For readers not familiar with the WebAssembly text format, here is a rough C equivalent of the above program:

int inlinee(int x) {
  return x + 37;
}

int (*func_ptr)(int) = inlinee;

int example(int iterations) {
  int sum = 0;
  while (iterations != 0) {
    iterations--;
    sum += func_ptr(7);
  }
  return sum;
}

The next figure shows excerpts of TurboFan’s intermediate representation for the example function, visualized with Turbolizer: Speculative inlining and Wasm deopts are enabled on the right, and disabled on the left. In both versions, we have to check whether the table index argument to the call_indirect instruction is in-bounds, as per the WebAssembly semantics (first red box in both cases). Without inlining, we also have to check whether the function at this index has the correct signature before actually calling it (second red box on the left). Finally, the first green box on the left is the indirect call, and the second green box is the addition of the result of said call. In the green box on the right, we see that after inlining and further optimizations, the call is completely gone and the addition in inlinee and the addition in example were constant-folded into a single addition with a constant. Altogether, on this particular microbenchmark, inlining, deopts, and subsequent optimizations speed up the program from around 675 ms to 90 ms execution time on an x64 workstation.
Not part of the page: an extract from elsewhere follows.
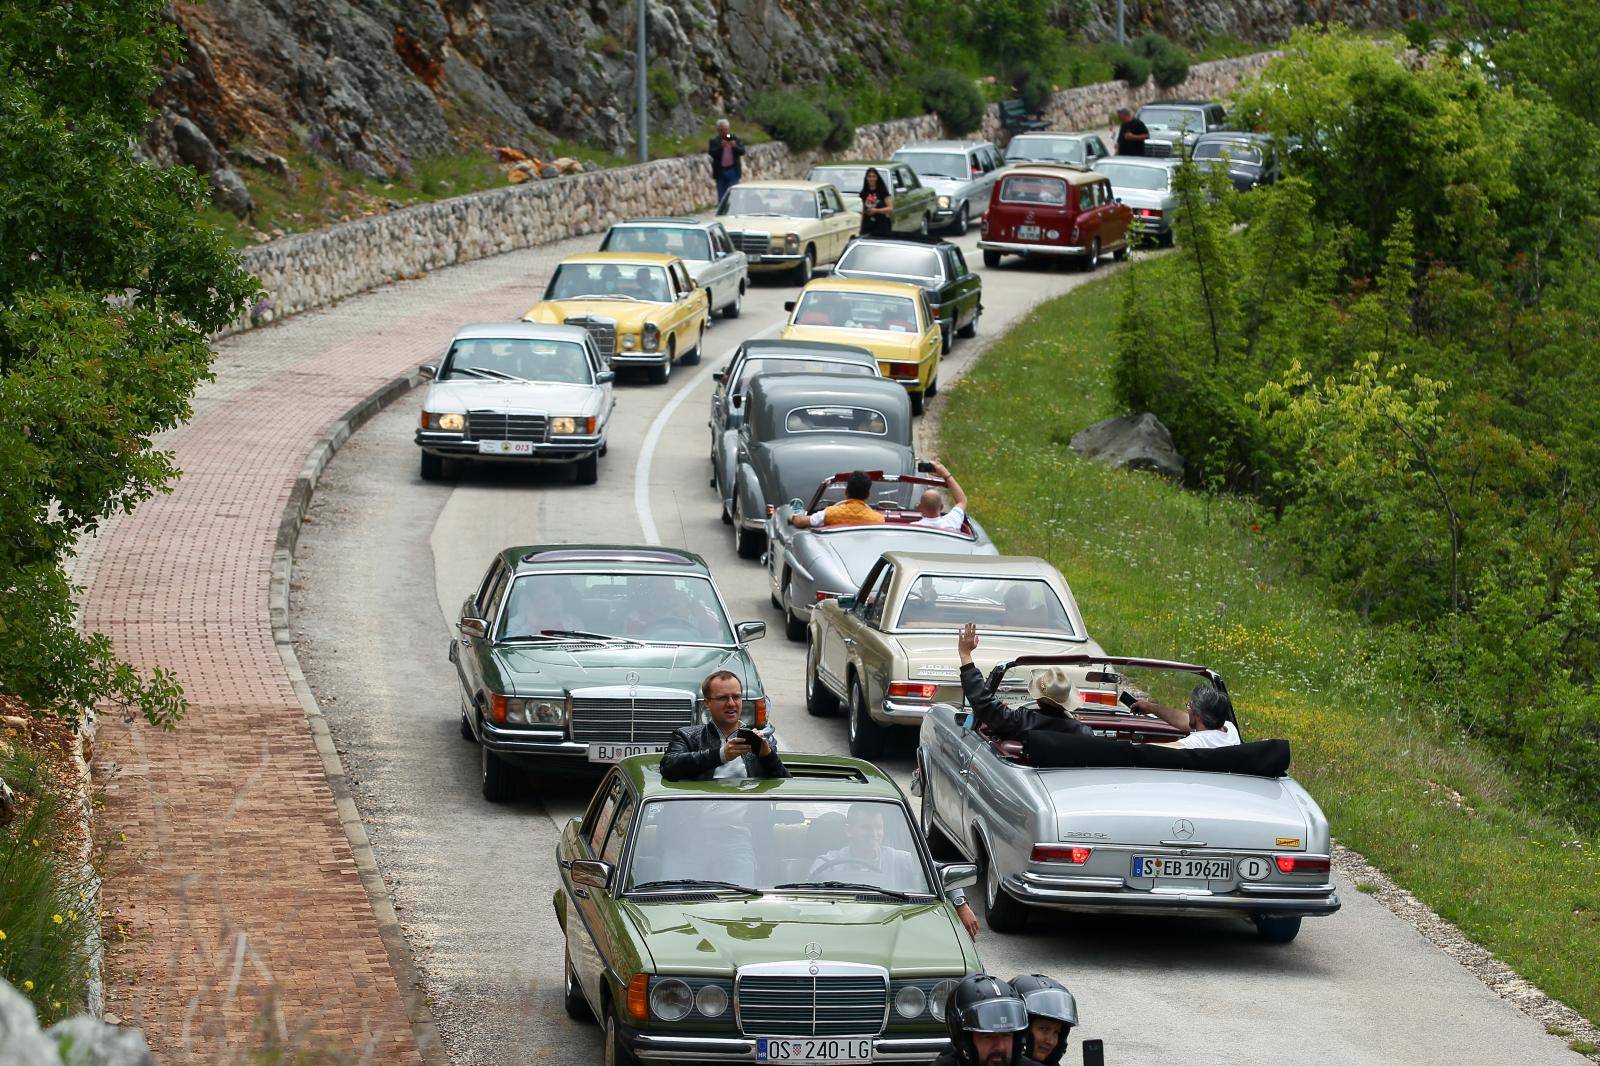 Old-timer Mercedes cars are seen driving in Imotski

In this case, the optimized machine code with inlining is even smaller than without (968 vs. 1572 bytes), although that certainly need not be.
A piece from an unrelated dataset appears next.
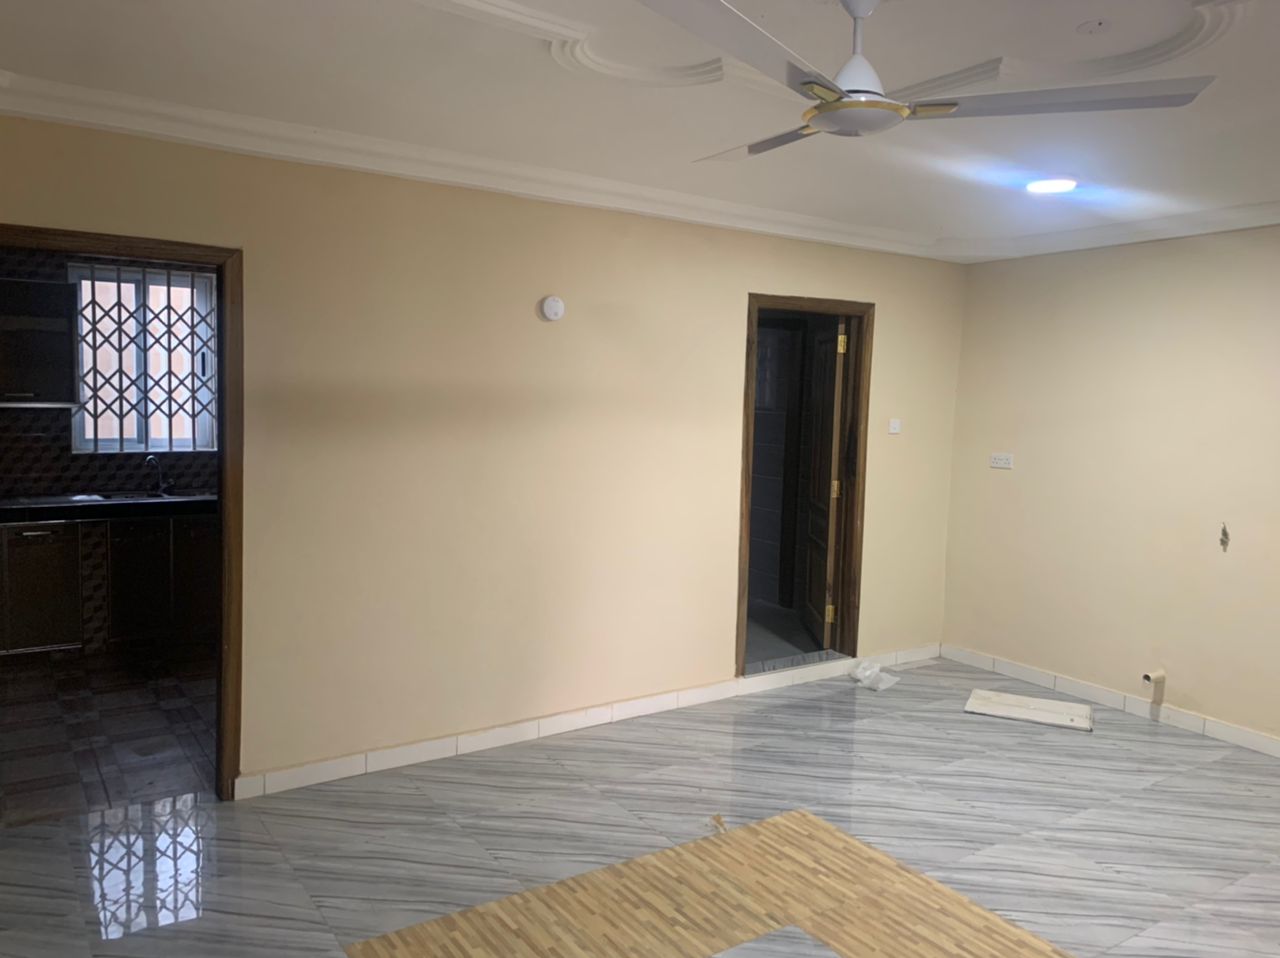 TWO BEDROOM APARTMENT AT DOME PILLAR 2 FOR RENT

Finally, we want to briefly explain the Wasm instance check and target check that the code with speculative inlining does on the right. Semantically, Wasm functions are closures over a Wasm instance (which “holds” the current state of globals, tables, imports from the host, etc.). Correctly inlining functions that belong to a different instance (e.g., which are called via an imported table) would hence require additional compiler machinery as well as solving a few obstacles in our general handling of generated code. Luckily, most calls are within a single instance anyway, so for the time being we check that the call target’s instance matches the current instance, which lets the compiler make the simplifying assumption that both instances are the same. If not, we deoptimize in block 8 (due to wrong instance) or block 6 (due to wrong target).

This additional Wasm instance check was specifically introduced for the new call_indirect inlining. WebAssembly also has another kind of indirect call, call_ref, for which we already added inlining support when launching our WasmGC implementation. The fast path for call_ref inlining doesn’t require an explicit instance check, since the WasmFuncRef object that is the call_ref input already includes the instance the function closes over, so comparing the target for equality subsumes both checks.

With the new call_indirect inlining, V8 now supports inlining Wasm-to-Wasm calls for all types of call instructions: direct calls, call_ref, call_indirect, and their respective tail-call variants return_call, return_call_ref, and return_call_indirect.

Deoptimization #

So far, we have focused on inlining and how that improves the optimized code. But what happens if we cannot stay on a fast path, i.e., if one of the assumptions made during optimization turns out to be false at runtime? This is where deopts come into play.

The very first figure of this post already shows the high-level idea of a deopt: We cannot continue execution in the optimized code because it has made some assumptions that are now invalidated. So instead, we “go back” to the unoptimized baseline code. Crucially, this transition to unoptimized code happens in the middle of executing the current function, i.e., when the optimized code has already performed operations with side-effects (say, called the underlying operating system), which we cannot undo, and while it is holding intermediate values in registers and on the stack. So a deopt cannot just jump to the beginning of the unoptimized function, but instead does something much more interesting:

1. First, we save the current program state. We do this by calling into the runtime from optimized code. The Deoptimizer then serializes the current program state into an internal data structure, the FrameDescription. This entails reading out CPU registers and inspecting the stack frame of the function to be deoptimized.

2. Next, we transform this state such that it fits the unoptimized code, that is, placing values in the correct registers and stack slots that the Liftoff-generated code expects at the deoptimization point. E.g., a value that TurboFan code has put in a register may now end up in a stack slot. The stack layout and expectations for the baseline code (its “calling convention” for the deopt point, if you will) are read out of metadata generated by Liftoff during compilation.

3. And finally, we replace the optimized stack frame with the corresponding unoptimized stack frame(s) and jump to the middle of the baseline code, corresponding to the point in the optimized code where the deopt was triggered.

Obviously, this is quite complex machinery, which begs the question: Why do we go through the hassle of it all and not just generate a slow path in optimized code? Let’s compare the intermediate representation for the earlier example WebAssembly code, left without and right with deopts. The three red boxes (table bounds / Wasm instance / target check) are fundamentally the same. The difference is in the code for the slow path. Without deopts, we don’t have the option of returning to baseline code, so the optimized code must handle the full, generic behavior of an indirect call, as shown in the yellow box on the left. This unfortunately impedes further optimizations and thus results in slower execution.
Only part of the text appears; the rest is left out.